Friday, June 3, 2011

Muslim Ahmadiyah Cisalada

Islamlib.com, 06/10/2010
Oleh Saidiman Ahmad

Aksi kekerasan yang dilakukan kepada jemaat Muslim Ahmadiyah tidak pernah dilakukan secara spontan. Ada proses pengumpulan massa dan provokasi. Aparat negara mestinya bisa mencegah kekerasan sejak dini, yakni membubarkan pengumpulan massa yang bertujuan memprovokasi tindak kekerasan. Dalam semua pengumpulan massa untuk membubarkan Muslim Ahmadiyah, selalu terjadi kampanye kebencian dan permusuhan terhadap jemaat tersebut.

Di Cisalada, 1 Oktober 2010, Pancasila tidak menunjukkan kesaktiannya. Sekelompok orang dengan sengaja menginjak-injak wibawa dasar negara. Mereka dengan semena-mena melakukan aksi kekerasan atas nama kebencian terhadap kelompok Muslim Ahmadiyah. Tuah Pancasila sebagai perekat kemajemukan tiba-tiba terasa hambar oleh kebengisan sekelompok warga. Aparat keamanan, yang semestinya menjadi garda depan pengawal kewibawaan Pancasila, tidak mampu—mungkin tidak mau—berbuat banyak. Mereka datang ke lokasi kejadian satu setengah jam setelah memperoleh laporan dari warga Muslim Ahmadiyah. Aparat keamanan bahkan terlihat sangat lemah ketika langkah mereka melakukan pengamanan dihadang warga penyerang. Satu masjid, lima rumah, satu mobil dan dua sepeda motor dibakar. 17 rumah warga lainnya dirusak dan dijarah. Warga Muslim Ahmadiyah yang rumahnya rusak dan terbakar terpaksa mengungsi.

Kekerasan terhadap jemaat Muslim Ahmadiyah sudah berulang kali terjadi. Di desa Manislor, Kuningan, Jawa Barat, tiga ribu warga Ahmadiyah terus waspada atas ancaman serangan yang bisa terjadi setiap saat. Di Mataram, Nusa Tenggara Barat, sudah sejak lama ratusan warga Ahmadiyah mengungsi. Rumah dan tempat ibadah mereka berkali-kali dirusak dan dibakar. Mereka dilarang kembali ke kampung tempat lahir mereka.

Kekhawatiran warga Muslim Ahmadiyah atas ancaman tindak kekerasan sangat beralasan. Hampir semua serangan yang mereka alami tidak memperoleh penanganan yang serius dari aparat negara. Di Manislor dan Bogor, warga Ahmadiyah mesti mempertahankan sendiri nyawa dan harta bendanya yang terancam.
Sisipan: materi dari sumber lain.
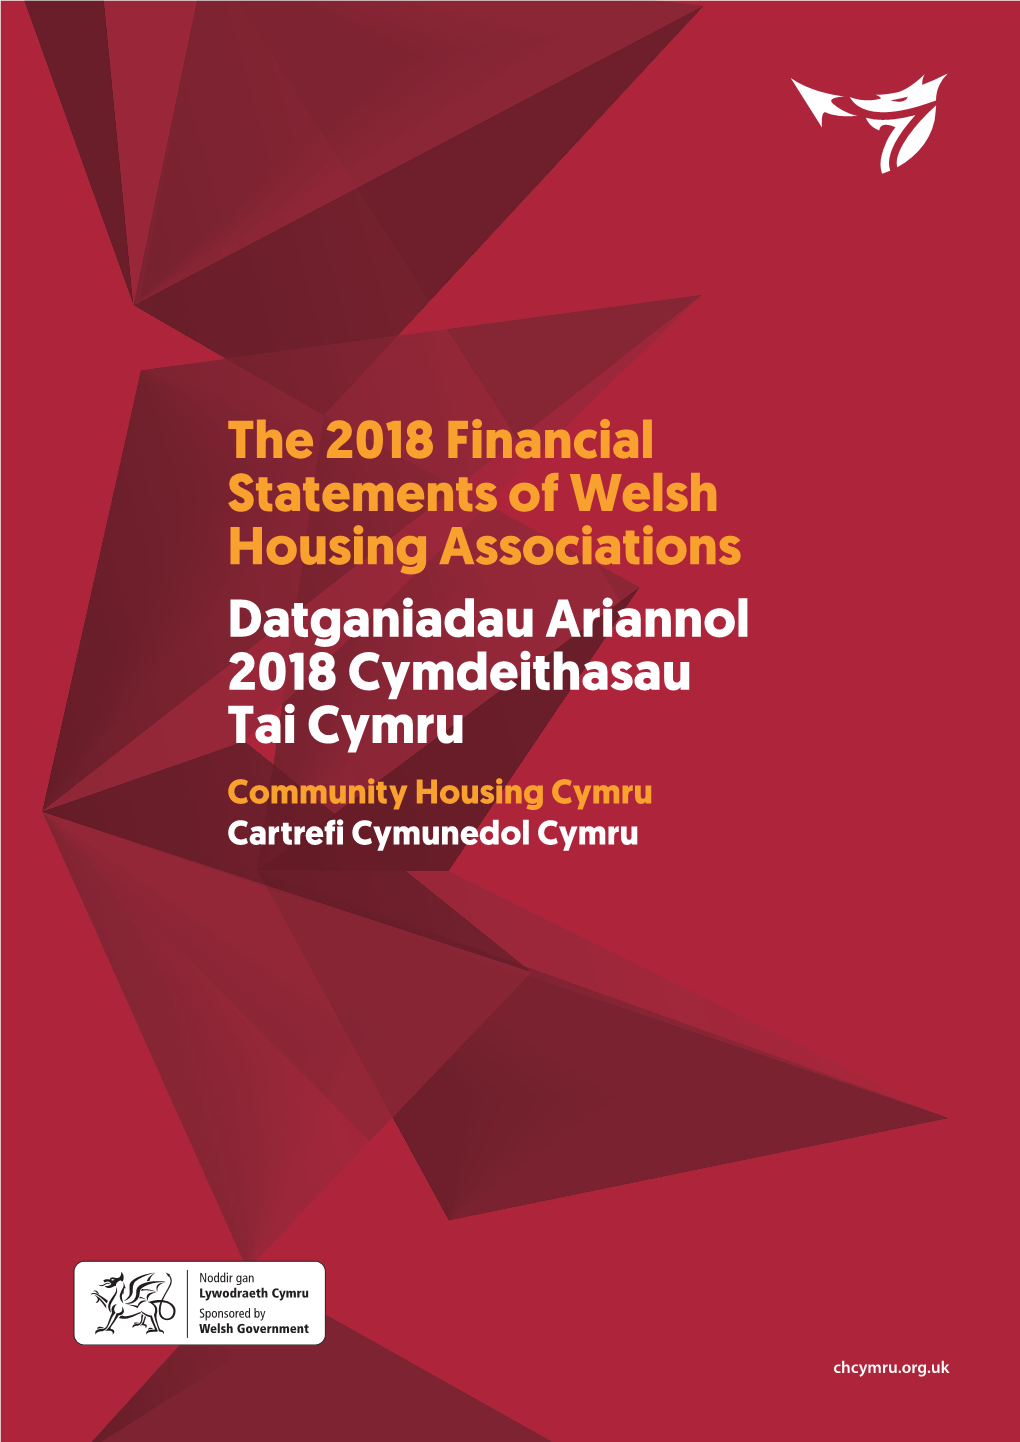 The 2018 Financial Statements of Welsh Housing Associations Datganiadau Ariannol 2018 Cymdeithasau Tai Cymru Community Housing Cymru Cartrefi Cymunedol Cymru

Sementara penyerang selalu sangat leluasa mengorganisir diri melakukan aksi.

Aksi kekerasan yang dilakukan kepada jemaat Muslim Ahmadiyah tidak pernah dilakukan secara spontan. Ada proses pengumpulan massa dan provokasi. Aparat negara mestinya bisa mencegah kekerasan sejak dini, yakni membubarkan pengumpulan massa yang bertujuan memprovokasi tindak kekerasan. Dalam semua pengumpulan massa untuk membubarkan Muslim Ahmadiyah, selalu terjadi kampanye kebencian dan permusuhan terhadap jemaat tersebut. Undang-undang PNPS tahun 1965 secara tegas menyatakan bahwa kampanye kebencian dan permusuhan terhadap satu kelompok masyarakat dilarang. Para pelakunya mesti ditangkap dan dikenai sanksi hukuman maksimal 5 tahun penjara sesuai KUHP Pasal 156 A.

Alih-alih mencegah potensi kekerasan dengan menangkap dan membubarkan kampanye kebencian dan permusuhan, aparat negara justru sangat sering mengkriminalkan korban. Masjid-masjid dan sarana pendidikan Muslim Ahmadiyah disegel. Mereka dilarang menyebarkan dakwah kebaikan.

Setidaknya ada dua prasyarat utama untuk menyelesaikan persoalan kekerasan yang tak berkesudahan ini. Pertama, masyarakat yang toleran. Kedua, adanya efektifitas dan kemampuan negara dalam melindungi setiap warga. Sayang sekali kita tidak punya keduanya.